Date, Time and Location

Apr 16, 2026
9 - 11 AM Pacific
Online. Register for the Zoom!

Uncertainty in Large Vision-Language Models and Computer Vision

What if we train a model to classify dogs and cats, but it is later tested with an image of a human? Generally the model will output either dog or cat, and has no ability to signal that the image has no class that it can recognize.

Machine learning models by default do not provide estimates of their confidence or uncertainty, which hinders their use in applications involving humans. Possible solutions is the use of Bayesian Neural Networks or similar models.

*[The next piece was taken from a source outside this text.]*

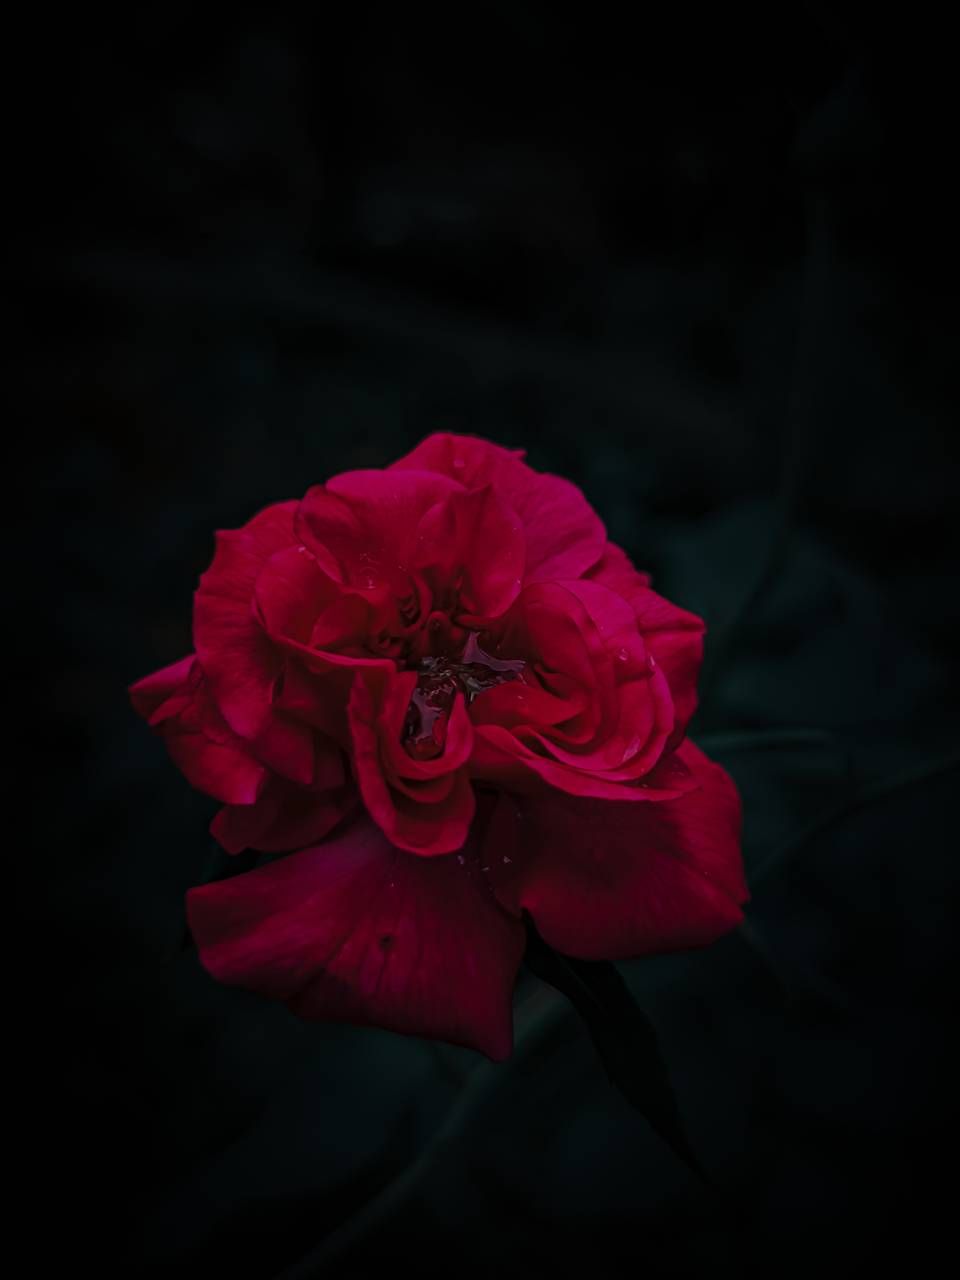 Amoled Red rose wallpaper by .zedge.net

In this talk I will show research applications of neural networks with uncertainty quantification, covering Computer Vision, Large Language Models and Vision-Language Models. This includes super-resolution, frame generation, verbalized uncertainty, robustness to corrupted inputs, and input uncertainty.

About the Speaker

Dr. Matias Valdenegro is Tenured Assistant Professor of Machine Learning at the Department of Artificial Intelligence, Bernoulli Institute, University of Groningen since 2022. He studied Computer Science, Autonomous Systems, and Electrical Engineering in Chile, Germany, and Scotland, holding a PhD from Heriot-Watt University on a thesis in detecting marine debris in sonar images. As a Researcher at the German Research Center for Artificial Intelligence in Bremen he conducted research in Computer Vision and Uncertainty Quantification from 2018 to 2022.

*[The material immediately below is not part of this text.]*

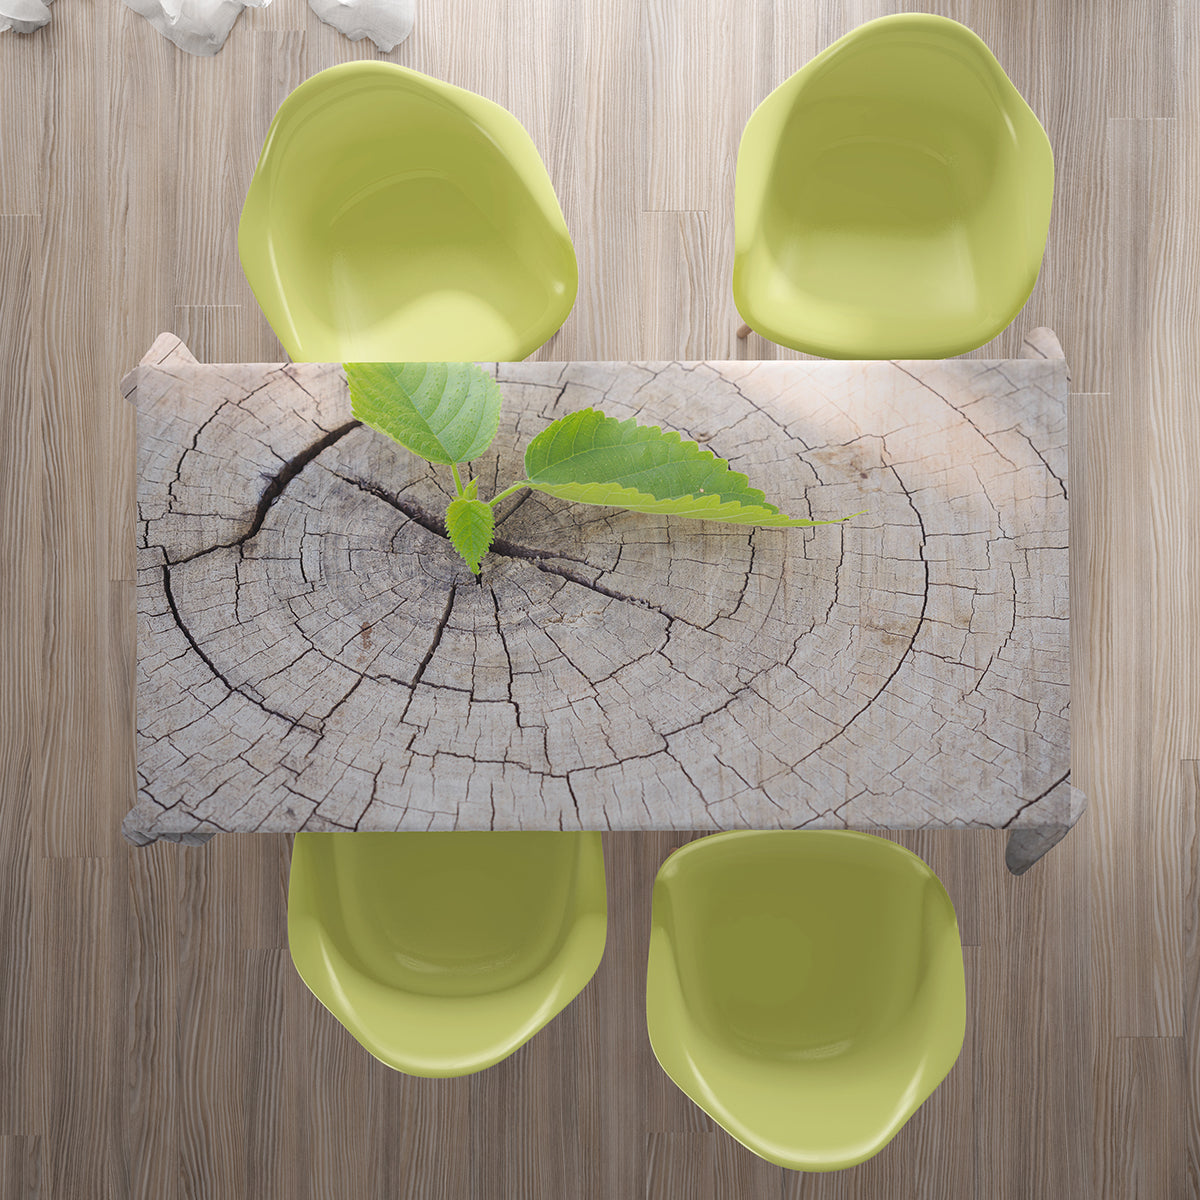 Tablecloth Tree Stump and Sprout - Wellmira

Deep Generative Modeling for Multimodal Human Trajectory Prediction

In this talk, I plan to show how deep generative models can be used as powerful multiple-hypothesis predictive models, in human trajectory prediction. This kind of problem arises in particular in autonomous driving. I will show a few works we have done in the past and a few ongoing works in my team.

About the Speaker

Jean-Bernard Hayet studied my engineering degree at Ecole Nationale Supérieure de Techniques Avancées (ENSTA) in Paris, and obtained my master degree in artificial intelligence at University Paris VI. I got my Ph.D. degree from University of Toulouse in 2003, at LAAS-CNRS, in Toulouse.

Cuando el conocimiento es Open la Innovación se acelera

En esta charla mostraremos cómo, cuando el conocimiento es abierto, la innovación se acelera al volverse accesible para cualquier colaborador y no solo para unos pocos expertos. Presentare Promptotyper, una plataforma creada por Innovaitors que integra modelos open source y librerías como LangChain y LangGraph para habilitar soluciones agénticas que guían desde el planteamiento del problema hasta el prototipado.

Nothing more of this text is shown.